Try to plot timeseries by strata - if you have a series of variables in your alternative dataset, make multiple plots where you draw a line for the aggregate by each variable. When you see big changes, you get ideas where problems are coming from.
Always have a “Strawman” experiment that is the dumbest thing possible
If you do “the dumbest thing possible” – how does your solution compare?
This can be the “null” experiment (ie. how does it compare to existing model)
But it can also be sort of the “dumb thing” (ie. if we do no re-weighting and just take the weights as they empirically appear in the data or an AR(1)1 model)
You will be surprised at how often the “dumbest” solution is incredibly hard to beat.
It is very very hard to beat linear regression in out of sample timeseries forecasting of economic variables over the long term. This upsets everyone who comes to the space from tech where modern machine learning dominates linear models in almost everything.

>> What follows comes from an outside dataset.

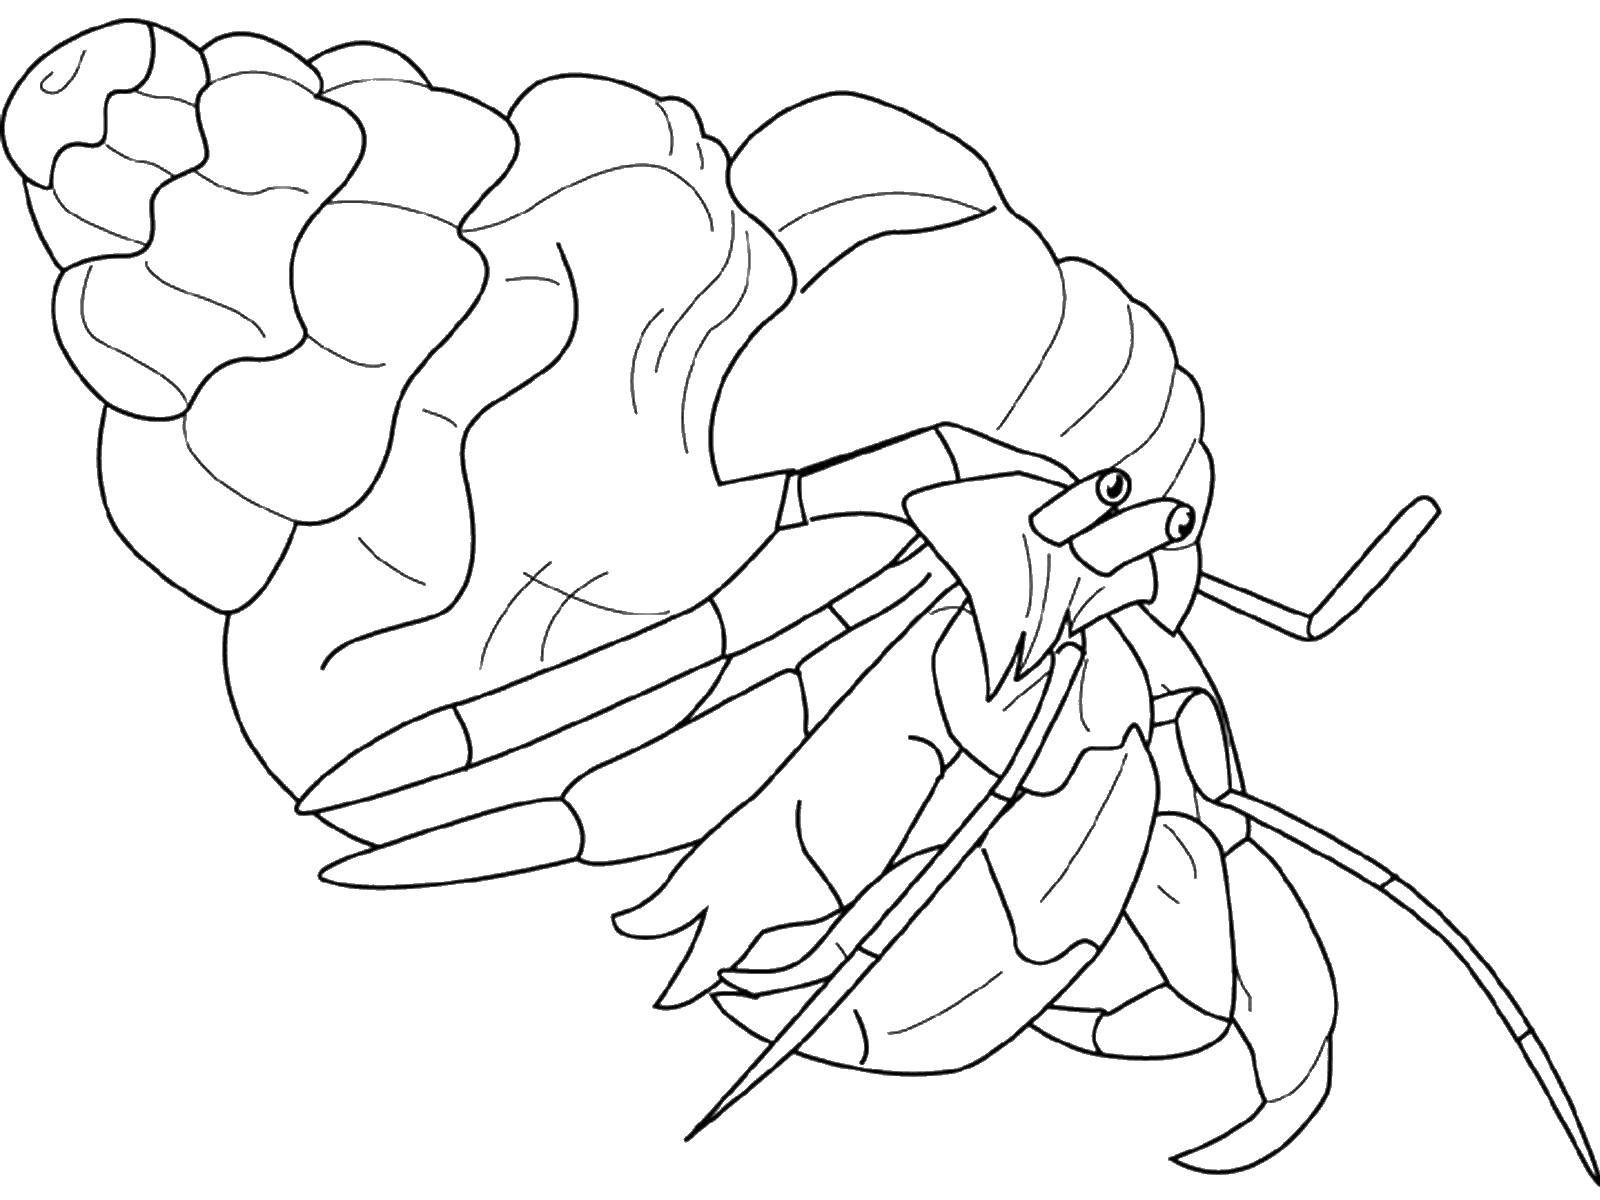 Coloring Crab. Category marine. Tags:  crab.

Use linear relationships where possible
Most alternative data should be linearly related to a response variable. It would be unclear why a relationship would be nonlinear and if you do anything fancy, you should know why it was necessary.

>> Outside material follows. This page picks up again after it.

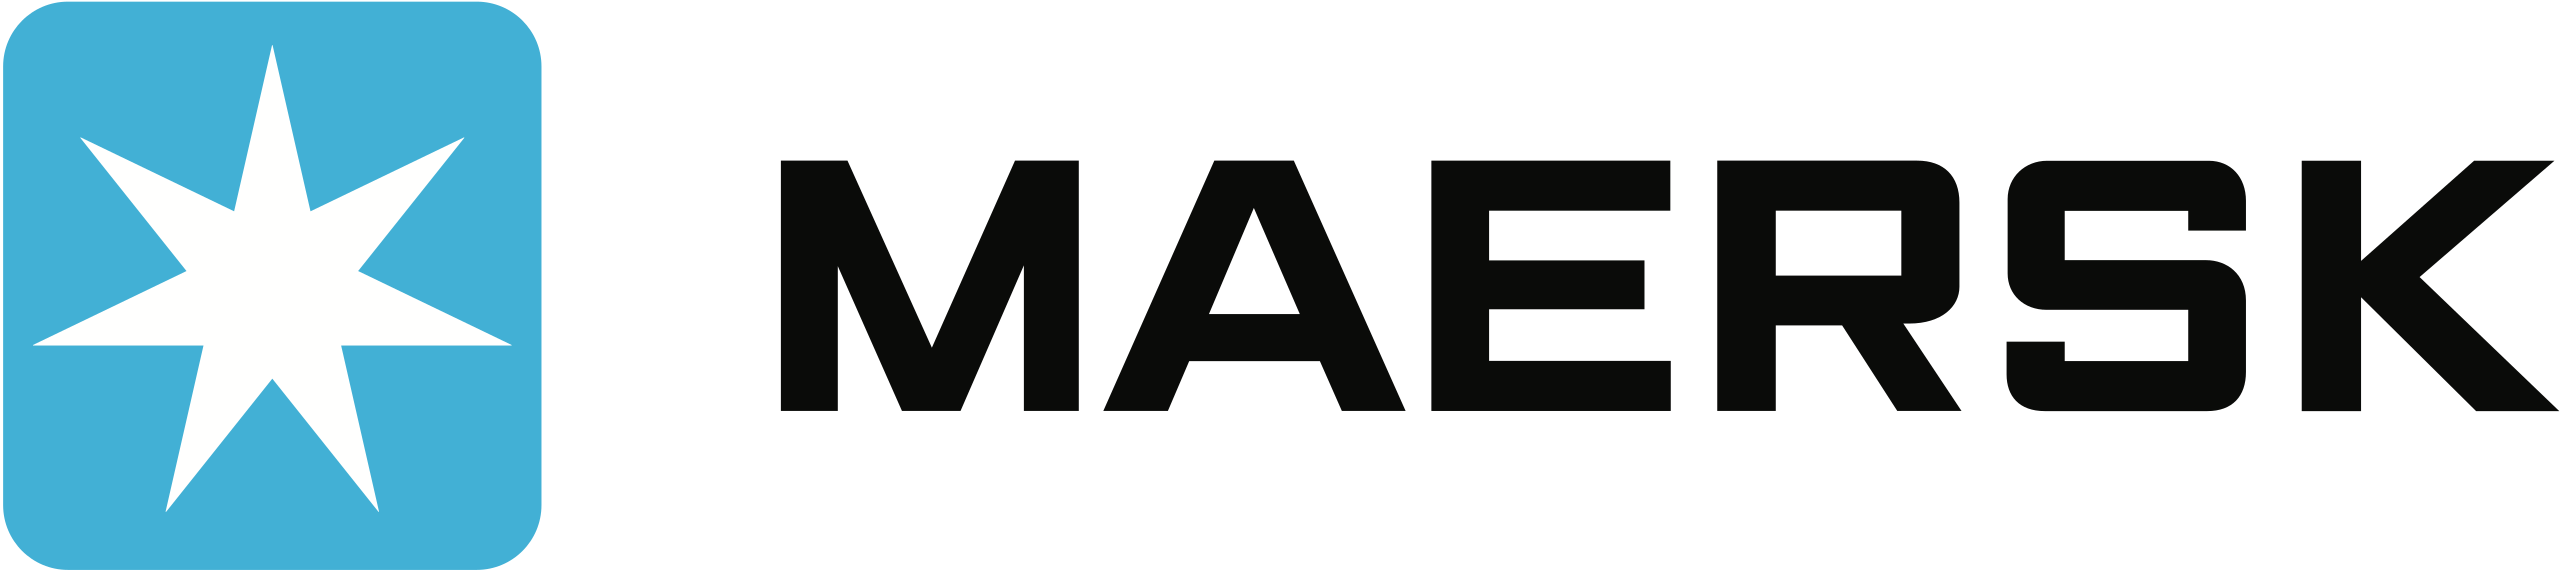 Maersk Group logo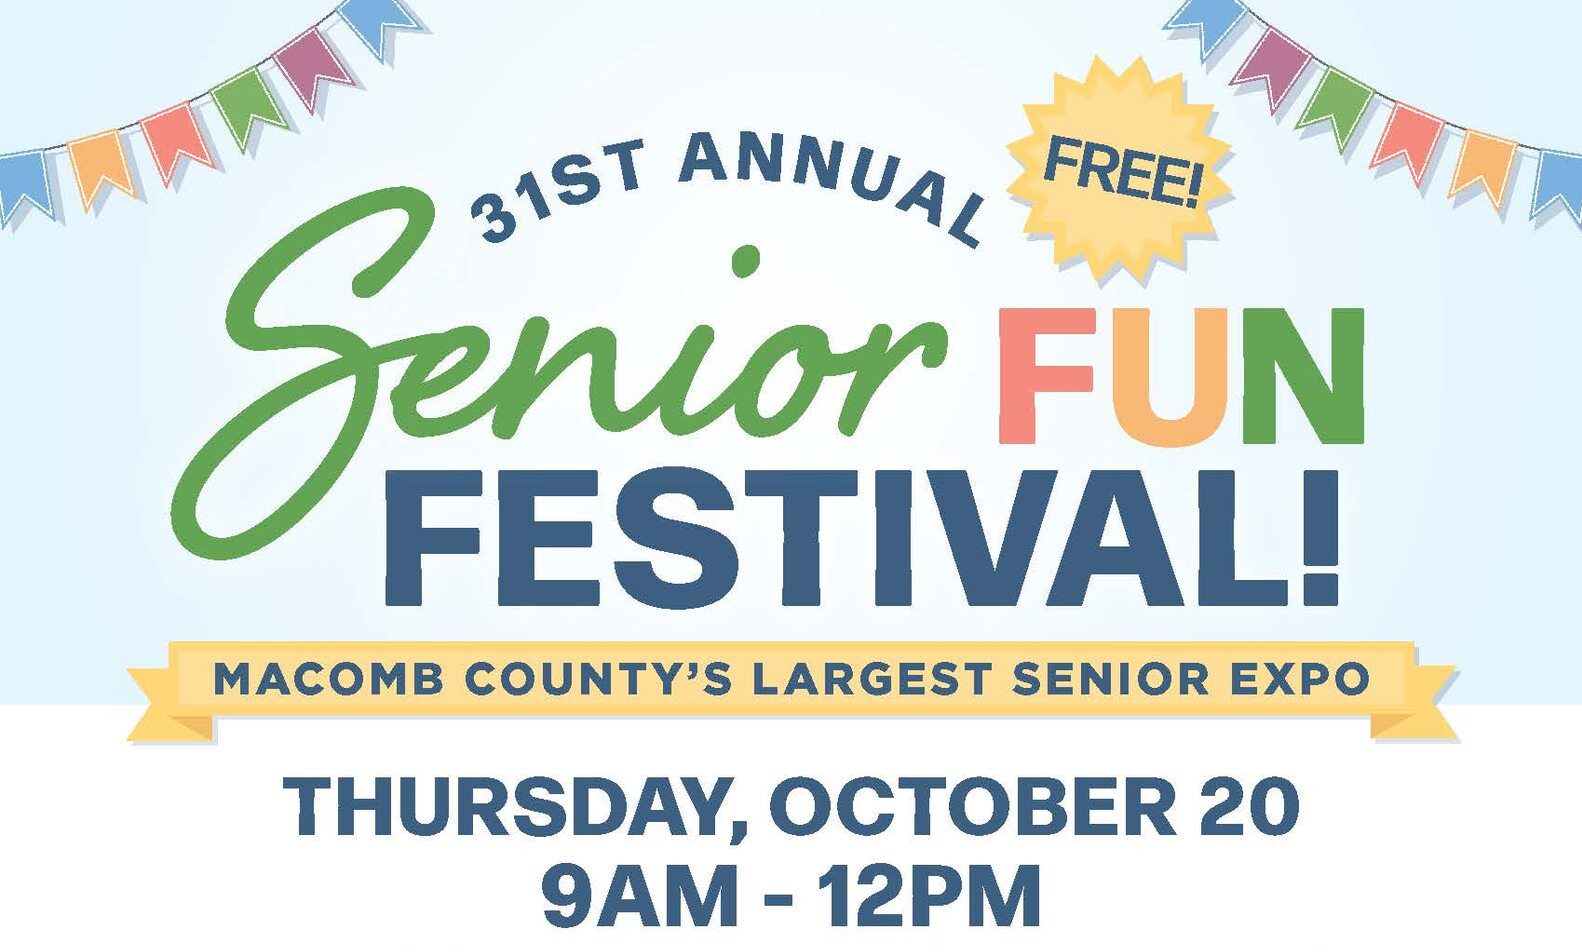 Macomb County Office of Senior Services "Senior Fun Festival" flyer

Again, this upsets anyone working in tech but it is a fact of life in finance. If you don’t believe me, try to speak to some quants.
At the very least, use a regression as a “Strawman” to any fancier model. Also test AR(1) models where applicable2.
Sanity checks everywhere
Sadly, with alternative data, a really complex, fancy, and useful model can be made useless because of an accidental “where” clause early on in the pipeline. It’s critical to output sanity checks (ie. how many users am I left with at each step, how many did I start out with, etc.)
I have found it helpful to plot intermediate steps as well
Use smallest sample possible or find a way to iterate faster
It is extremely difficult to do research if you are waiting more than a few seconds between cycles. You will never get anywhere if you have to wait hours between experiments.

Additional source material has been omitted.